No sign of credit expansion here:
As previously suspected, last month’s higher print was just a bit of volatility on the way down, as per the chart:
Chicago PMI
Highlights
Another month and another month of wild volatility for the Chicago PMI which lurched from solid expansion in January to noticeable contraction in February. At a headline 47.6, Chicago’s PMI has fallen outside Econoday’s consensus range for a third month in a row! Still, this report is closely watched and confirms other early indications of February softness, not only for manufacturing but for services as well since this report tracks both sectors. The good news in the report is that new orders have held over breakeven 50 which hints at better readings in next month’s report. Now the bad news. Production is down sharply, backlogs are in a 13th month of straight contraction, employment is down and in a fifth month of contraction, and prices paid are contracting at the fastest pace since 2009. The resilience in new orders limits the signal of damage from this report, but production and other activity look to have slowed in February following respectable strength in January.

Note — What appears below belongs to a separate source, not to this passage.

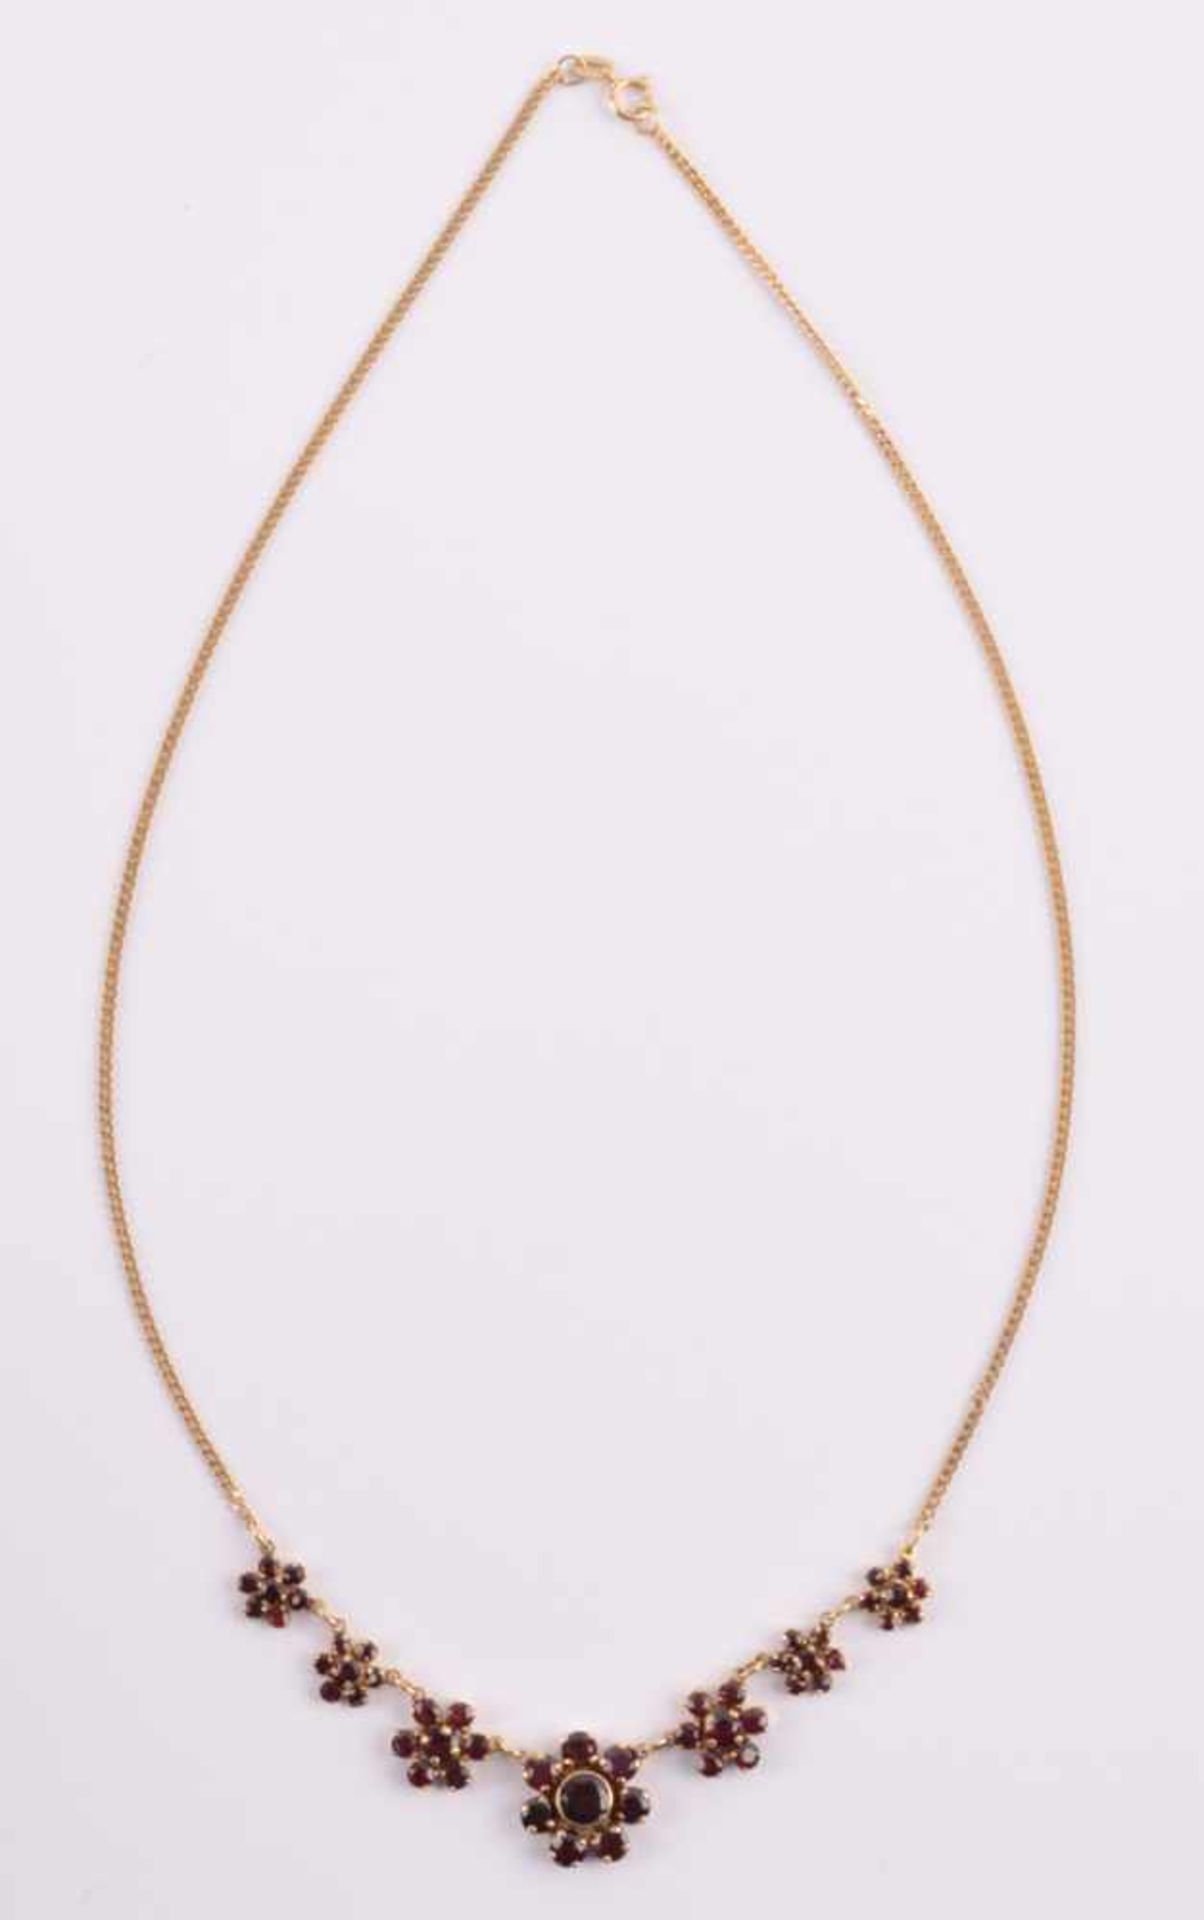 Granat-Collier333/000 GG, Gesamtgewicht ca. 8,7 g, L: ca. 45 cmGarnet necklace333/000 yellow gold, - Bild 2 aus 4

Another bad one, as the weakness that began with oil capex continues to dampen the rest:
Pending Home Sales Index
Highlights
Pending sales of existing homes slowed in January, down an unexpected 2.5 percent to an index level of 106.0 in a decline offset but only in part by an 8-tenths upward revision to December to plus 0.9 percent. Econoday forecasters were expecting a much better reading, at a consensus plus 0.5 percent for January sales. Sales in the month fell in three of the four regions with only the South in the plus column. Year-on-year, pending sales are up only 1.4 percent. Today’s report is yet another disappointment for a sector that, despite high employment and low mortgage rates, is getting off to a flat start for 2016.
The oil patch is where the recession started and it keeps getting worse which means the rest of the economy will continue to deteriorate as well:
Dallas Fed Mfg Survey
Highlights
Dallas, together with Kansas City, are two Fed districts that are being hit hardest by the collapse in oil prices. The Dallas Fed’s general activity index came in at a deeply minus 31.8 in February vs minus 34.6 in January. New orders contracted a further 8.4 points in the month to minus 17.6 for their lowest reading since 2009 in what is a very ominous signal for the months ahead. Unfilled orders are also in contraction as are production and shipments. Price contraction deepened for both raw materials and selling prices. Inventories are down as is employment. In fact, in a rare sweep of weakness, all 17 current components are in contraction! The company outlook index is at minus 17.4 with a quarter of the sample saying their outlook has worsened during February. The latter is a telling reading and suggests very strongly, in line with all other anecdotal readings this month, that the factory sector, hit by weak exports and a weak energy sector, fell back in February.
Fundamentally high inflation = weaker currency as higher prices means the same amount of currency buys less,etc. and deflation = a fundamentally stronger currency. However, the euro has been falling on news of deflation, as portfolio mangers, traders, etc. sell what euro they still have (or get outright short), their logic/fears being that deflation will trigger more inflationary policy from the ECB, which has yet to ‘trigger’ inflation. Meanwhile, the lower euro, driven down by selling and not ‘fundamentals’, continues to support the large and growing trade surplus that removes net euro financial assets from global markets. This has been going on for maybe a couple of years now leaving the euro more and more ‘undervalued’ and in ever shorter supply:
Euro-Area Prices Decline Most in Year as ECB Mulls Easing
By Alessandro Speciale
Feb 29 (Bloomberg) — The inflation rate in the 19-nation bloc declined to minus 0.2 from a positive reading of 0.3 percent in January,. Core inflation, which strips out volatile elements such as food and energy, was at 0.7 percent, down from 1 percent in the prior month. In Germany, the European Union- harmonized inflation rate dropped to minus 0.2 percent from 0.4 percent. The rate in France fell to minus 0.1 percent, while Spanish prices slid 0.9 percent. The ECB has already cut its deposit rate to minus 0.3 percent and is pumping 60 billion euros ($66 billion) a month into the economy via asset purchases.
Nothing good here:
The world’s top economies are set to declare on Saturday that they need to look beyond ultra-low interest rates and printing money if the global economy is to shake off its torpor, while promising a new focus on structural reform to spark activity.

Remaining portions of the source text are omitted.